I won't reveal in detail the fate of the six partygoers who flee, spangled dresses and all, through the panicked streets toward a military evacuation site (though I will note that their fates are more varied and unpredictable than in most movies of this type). I'm more interested in how Cloverfield plays on 9/11 anxieties—not in the way one "plays out" issues in therapy, but in the way one plays a video game. 2008 has already seen a notable uptick in America's historical eagerness to eradicate New York in our imagination. Besides Cloverfield and I Am Legend, there's the upcoming History Channel special Life After People, whose ubiquitous poster shows a crumbling Brooklyn Bridge overgrown with vines. As this fine piece in the Guardian points out, Americans seem almost soothed by replaying the fantasy of our flagship city in ruins. What's that about?
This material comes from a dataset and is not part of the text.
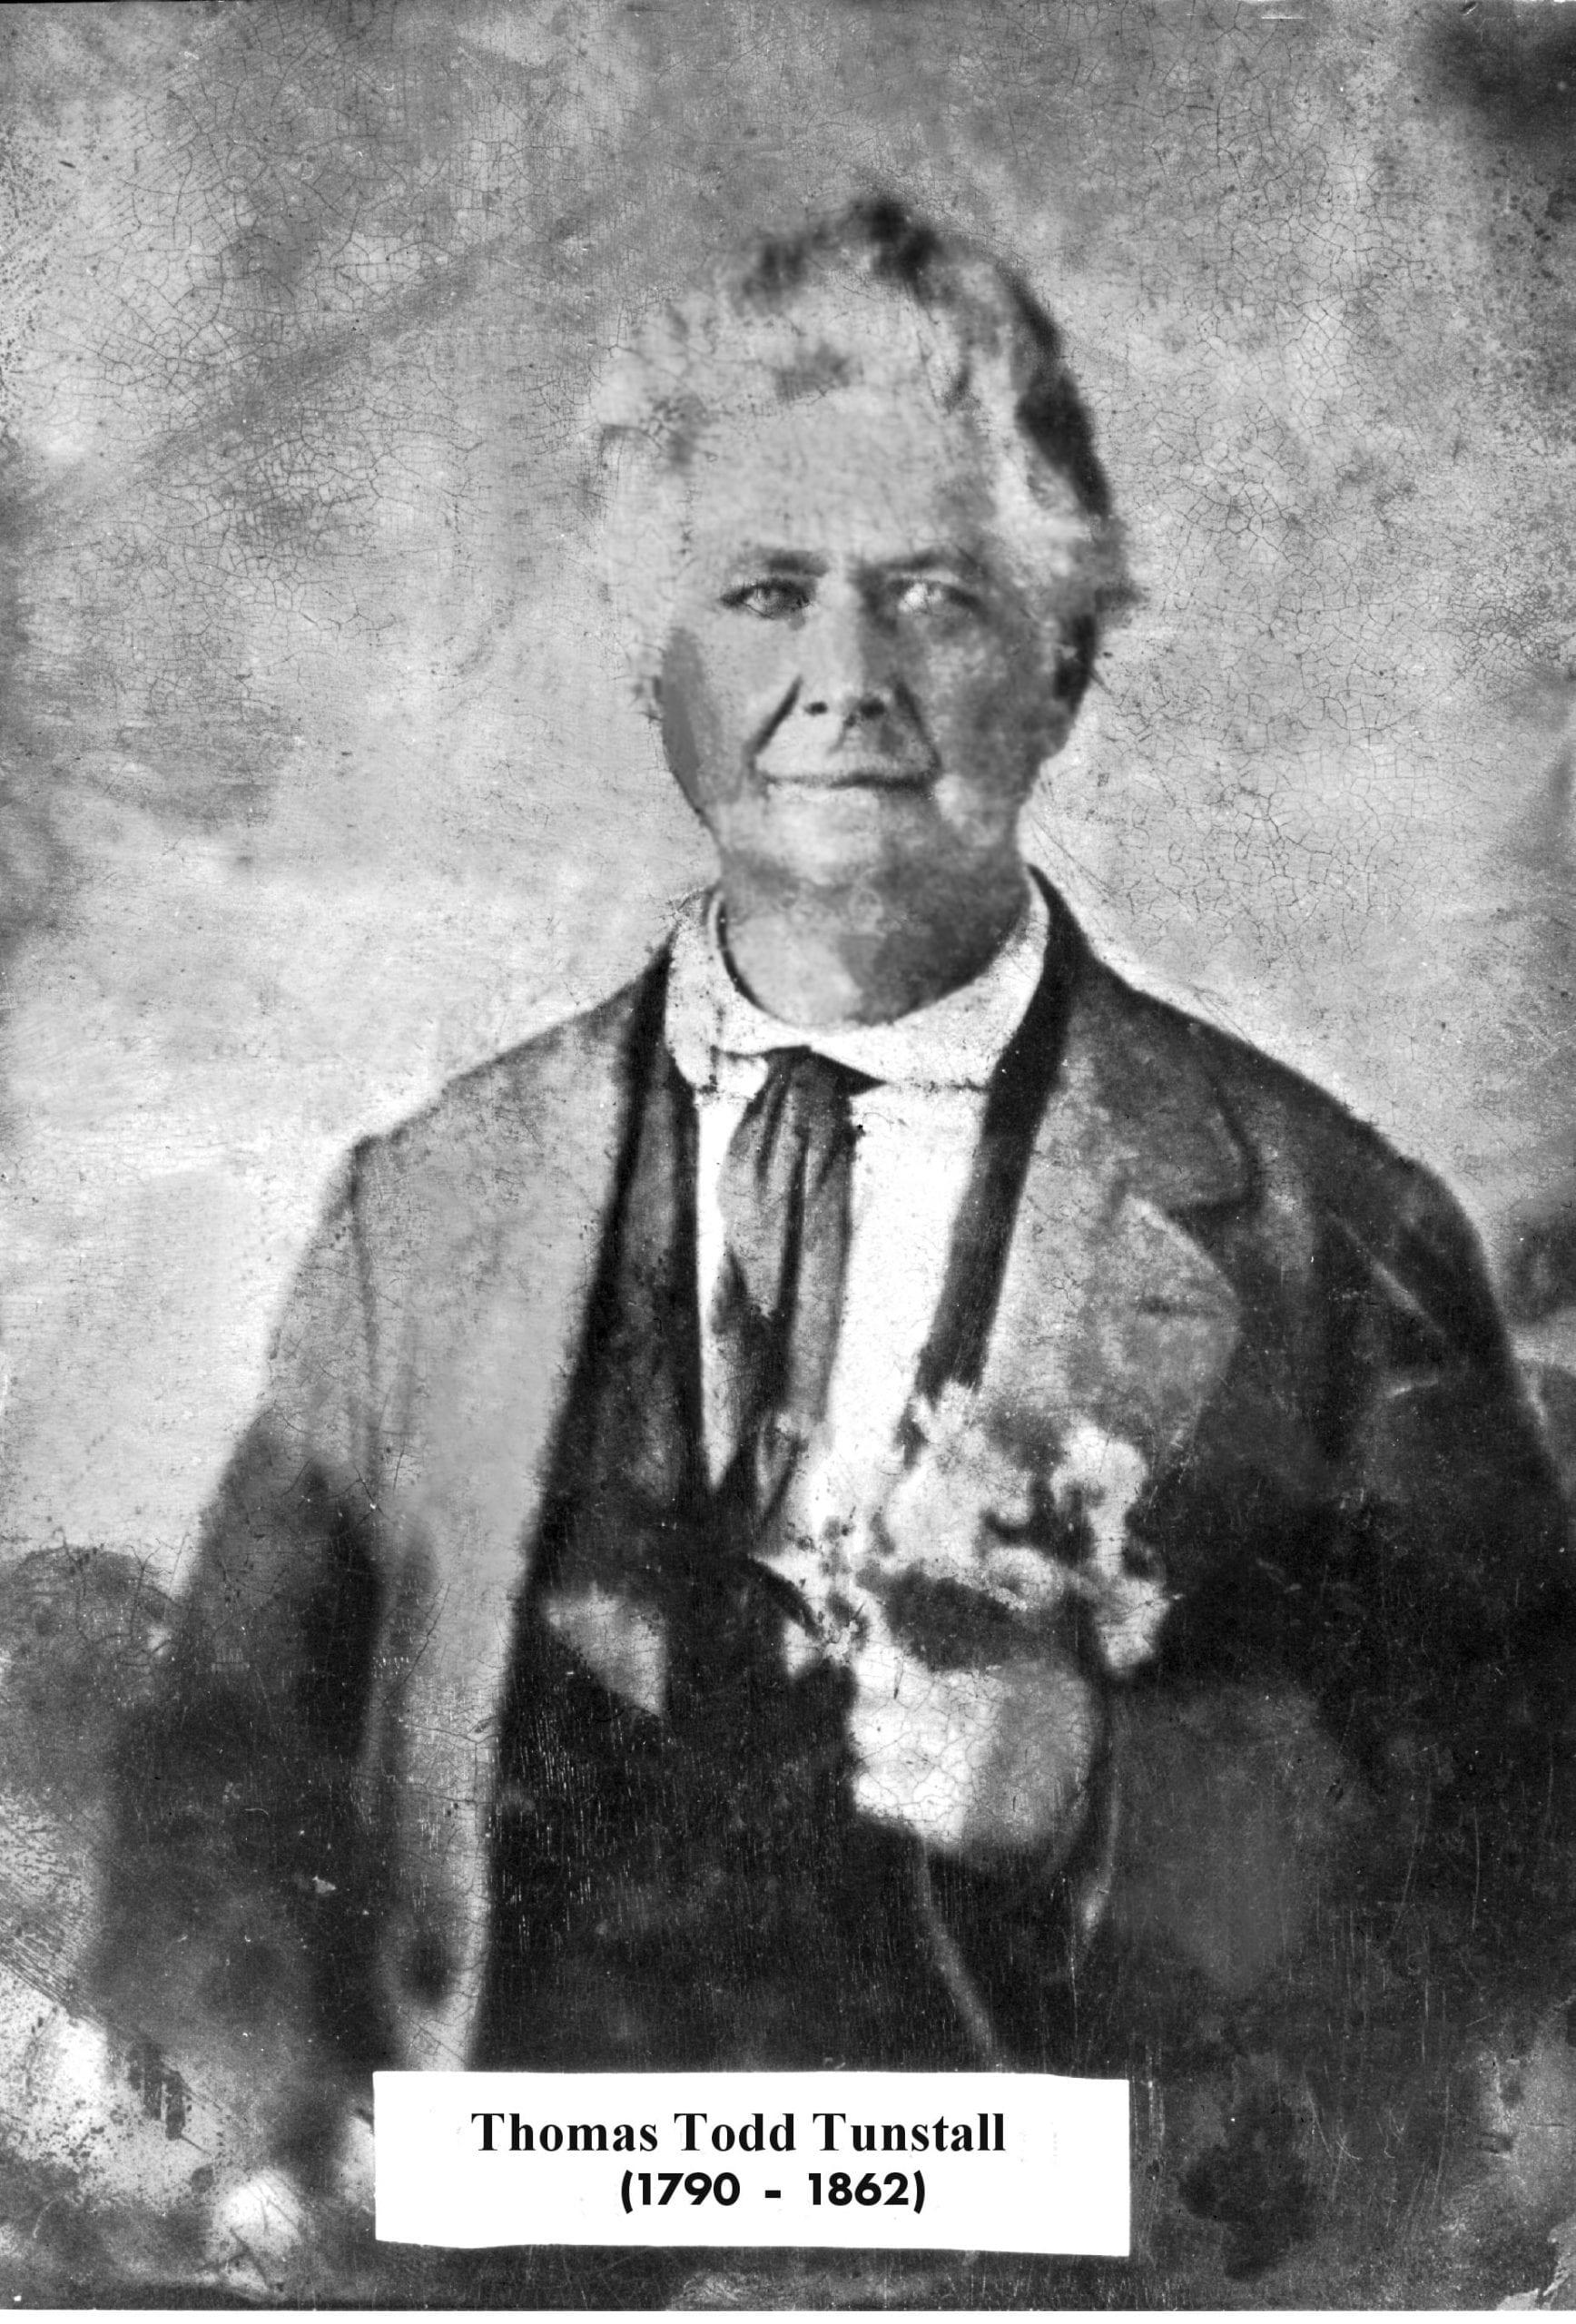 1850's – Thomas Todd Tunstall

In a quote from the press notes, Abrams says, "We live in a time of great fear. Having a movie that is about something as outlandish as a massive creature attacking your city allows people to process and experience that fear in a way that is incredibly entertaining and incredibly safe." Cloverfield's entertainment value remains to be determined over its opening weekend. For viewers in the same demographic as Rob and his buddies, I suspect it will be a big hit. But maybe its re-imagining of 9/11 as the ultimate buzzkill is a little too safe. The movie may be the first to repackage the events of Sept. 11 as pure entertainment. It's certainly the first to use those events as part of a viral marketing hook, in a spooky untitled trailer that premiered before last summer's Transformers. Whoa, that would be intense, if lower Manhattan was suddenly destroyed by some terrible, faceless agent of evil. Oh, wait.